As you may be able to see, it seems to load the raw cube just fine, but iris refuses to return the cube as part of a cube filter collection.

ledm commented 6 years ago

As I told @valeriupredoi, I suspect that the real underlying issue here is not that the oxygen files are the problem, but rather that ESMValTool (or possibly iris) is failing silently without any way to figure out what went wrong.

schlunma commented 6 years ago

Hi Lee,

I think I found the problem: When I load the dataset directly by iris.load_cube(...), the cube's name is called Dissolve Oxygen Concentration, which is not the standard_name of the cube, but the long_name.

Since the standard_name is set correctly in the original file (at least ncdump tells me that), this is an issue of iris. I don't know why it is not able to the load the standard_name.

The ESMValTool uses the iris.load_raw(files, constraints=constraints) function to load the cubes, but constraints only includes the standard_name. A fix for this problem could be to extend the constraints in the load function with the long_name or even the var_name of the nc file. Is this a solution @bouweandela?

valeriupredoi commented 6 years ago

extract_strict(constraint=name) works fine with the long_name even if the standard_name is messed up (as in the case of derived variables that have an attribute of invalid_standard_name; of course one needs to set long_name) so if one does a load() followed by extract_strict() this will be prevented. Having said this, I will have a look at the actual files right now @ledm

valeriupredoi commented 6 years ago

ok so I have just looked the o2 file: that one doe not have a standard_name (instead has an invalid_standard_name in the attributes which denotes an operation on the original the variable):

iris.load_raw('/badc/cmip5/data/cmip5/output1/MOHC/HadGEM2-ES/historical/mon/ocnBgchem/Omon/r1i1p1/latest/o2/o2_Omon_HadGEM2-ES_historical_r1i1p1_195912-200512.nc', constraints=iris.Constraint(name='mole_concentration_of_molecular_oxygen_in_sea_water'))

will of course return an empty list because that name does not exist neither as standard nor as long name; however if one does the load:

d=load(cubes)

followed by assignment of long name and extraction:

d[0].long_name = 'mole_concentration_of_molecular_oxygen_in_sea_water'

 d.extract_strict(constraints=iris.Constraint(name='mole_concentration_of_molecular_oxygen_in_sea_water'))
<iris 'Cube' of mole_concentration_of_molecular_oxygen_in_sea_water / (mol m-3) (time: 553; latitude: 216; longitude: 360)>

works fine

valeriupredoi commented 6 years ago

I suggest we add this case at loading point - @bouweandela ?

ledm commented 6 years ago

Just a quick comment, the correct standard name is mole_concentration_of_dissolved_molecular_oxygen_in_sea_water, where as mole_concentration_of_molecular_oxygen_in_sea_water is not a valid standard name.

Is there any way that I can add these into a fix_file fixes command?

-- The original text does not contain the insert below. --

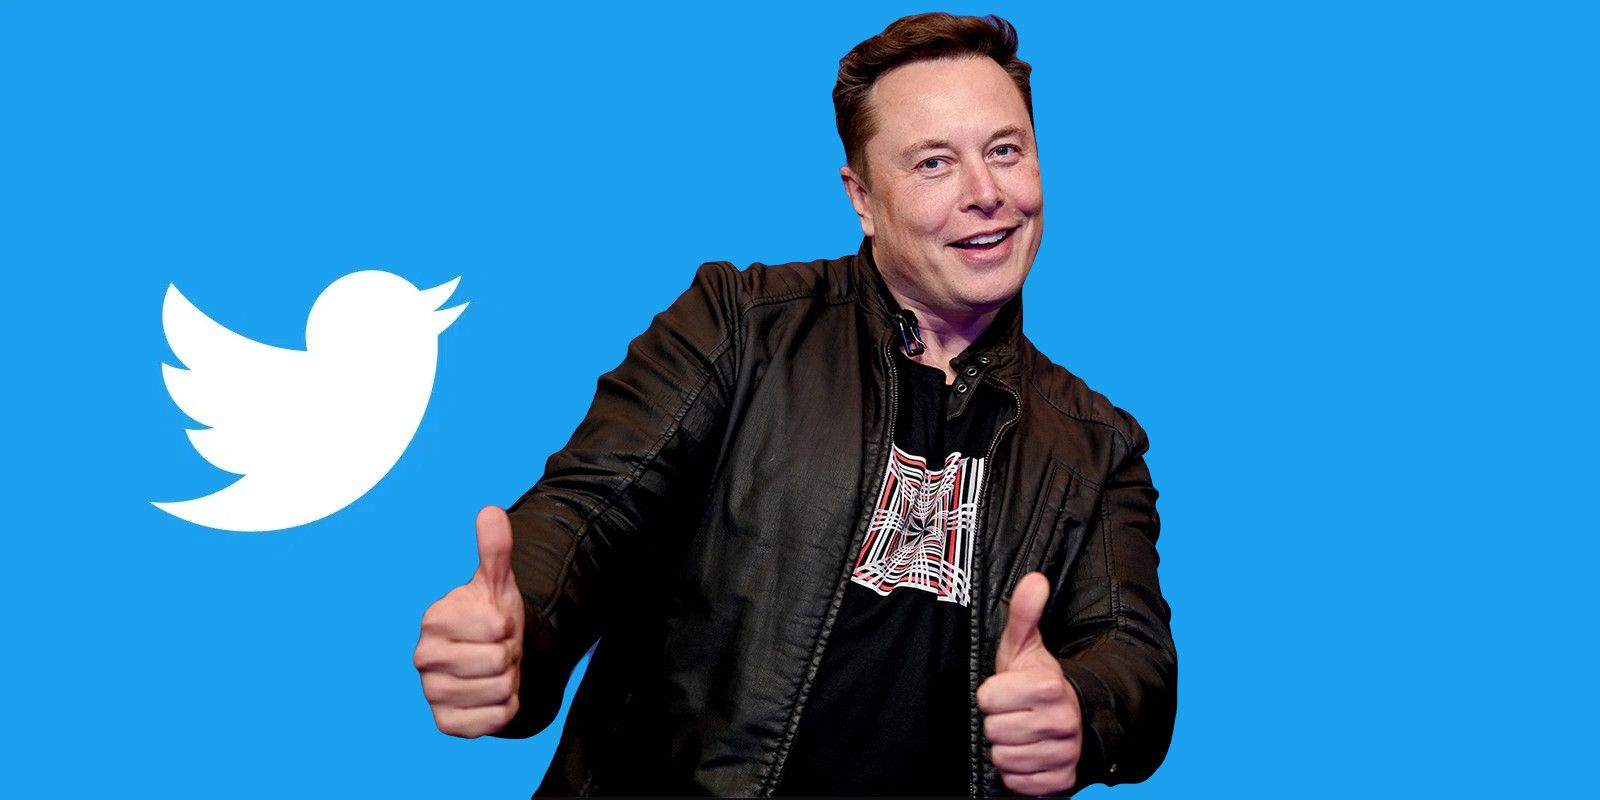 ¿Elon Musk compró Twitter?  Todo lo que sabemos sobre sus nuevas acciones en Twitter

ledm commented 6 years ago

So, it looks like the problem here was that the CMOR table in ESMValTool uses the incorrect standard name.

As you can see in the file https://github.com/ESMValGroup/ESMValTool/blob/version2_development/esmvaltool/cmor/tables/cmip5/Tables/CMIP5_Oyr, the ESMValTool CMOR table uses the non-CF standard name, mole_concentration_of_molecular_oxygen_in_sea_water instead of the CF-compliant standard name mole_concentration_of_dissolved_molecular_oxygen_in_sea_water. Replacing the wrong one with the right name results in everything working as expected!

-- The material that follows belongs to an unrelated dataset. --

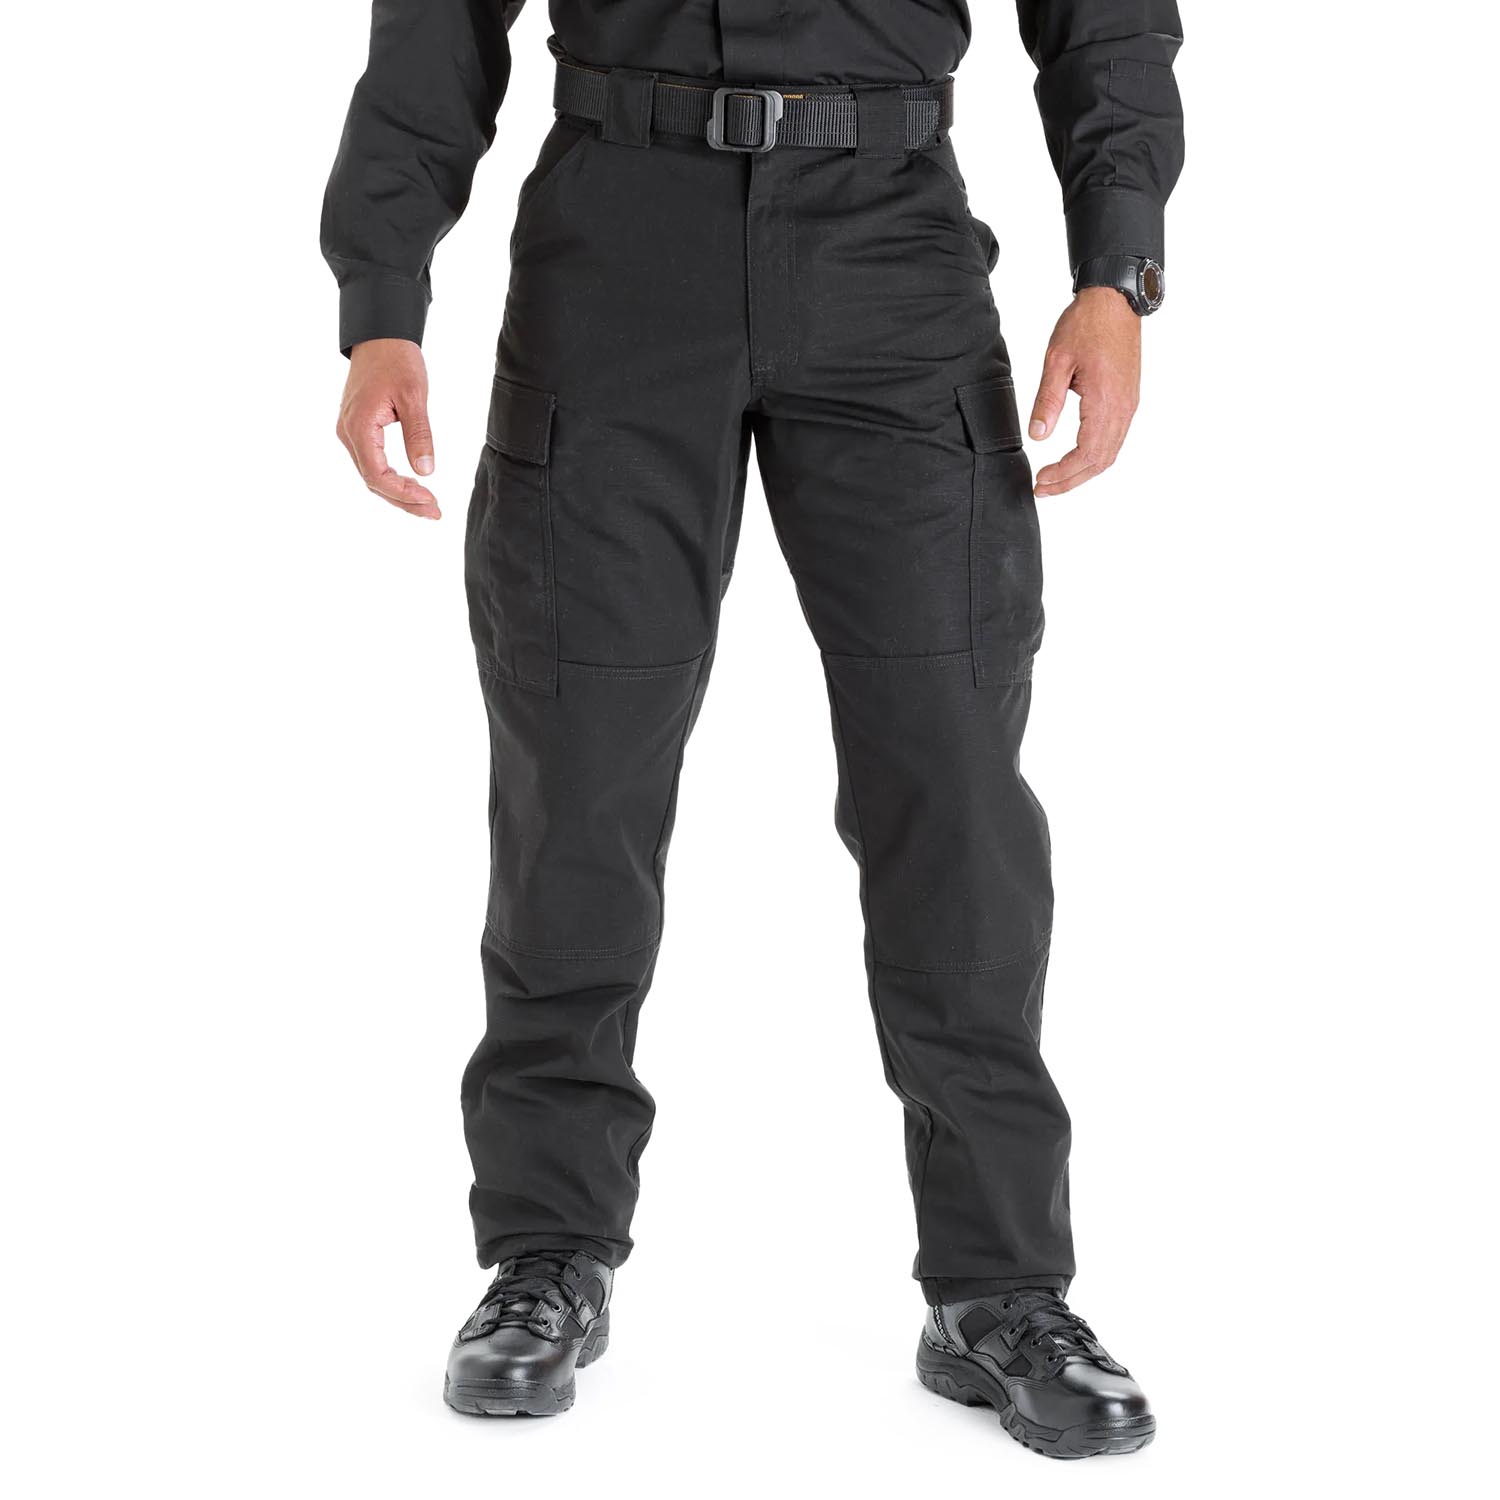 5.11 Tactical TDU Ripstop Pants - Black, Medium

schlunma commented 6 years ago

That is weird. The file at DKRZ has a standard_name which is set to mole_concentration_of_molecular_oxygen_in_sea_water and still cannot be processed. Anyway, glad that you found a solution 👍

valeriupredoi commented 6 years ago

@ledm @schlunma the standard name has been changed to the correct one mentioned by Lee for CMIP6_Omon/Oyr - I reckon we should do the same for CMIP5, what say you @jvegasbsc ?

valeriupredoi commented 6 years ago

OK guys so @ledm would be very happy if we sorted this out sooner than later so what I am proposing is to change the standard name in CMIP5 CMOR files to the one that is in CMIP6 files and add a check on the existence of standard_name right before we load like:

if not cube.standard_name:
    long_name = name

so that the load can be done even if that standard name does not exist in cube. What say yous?

schlunma commented 6 years ago

If the standard_name changed in CMIP6 we should keep the CMIP5 version and change wrong standard_names in fix files. But extending the constraint to somehow inlcude the long_name sounds very good :+1:

bouweandela commented 6 years ago

The reason I added the standard_name constraint is that in some cases you end up loading other stuff than the required variable into cubes. As you say, the standard name can be fixed with fix_file and then things work fine, so why would we need additional or different constraints?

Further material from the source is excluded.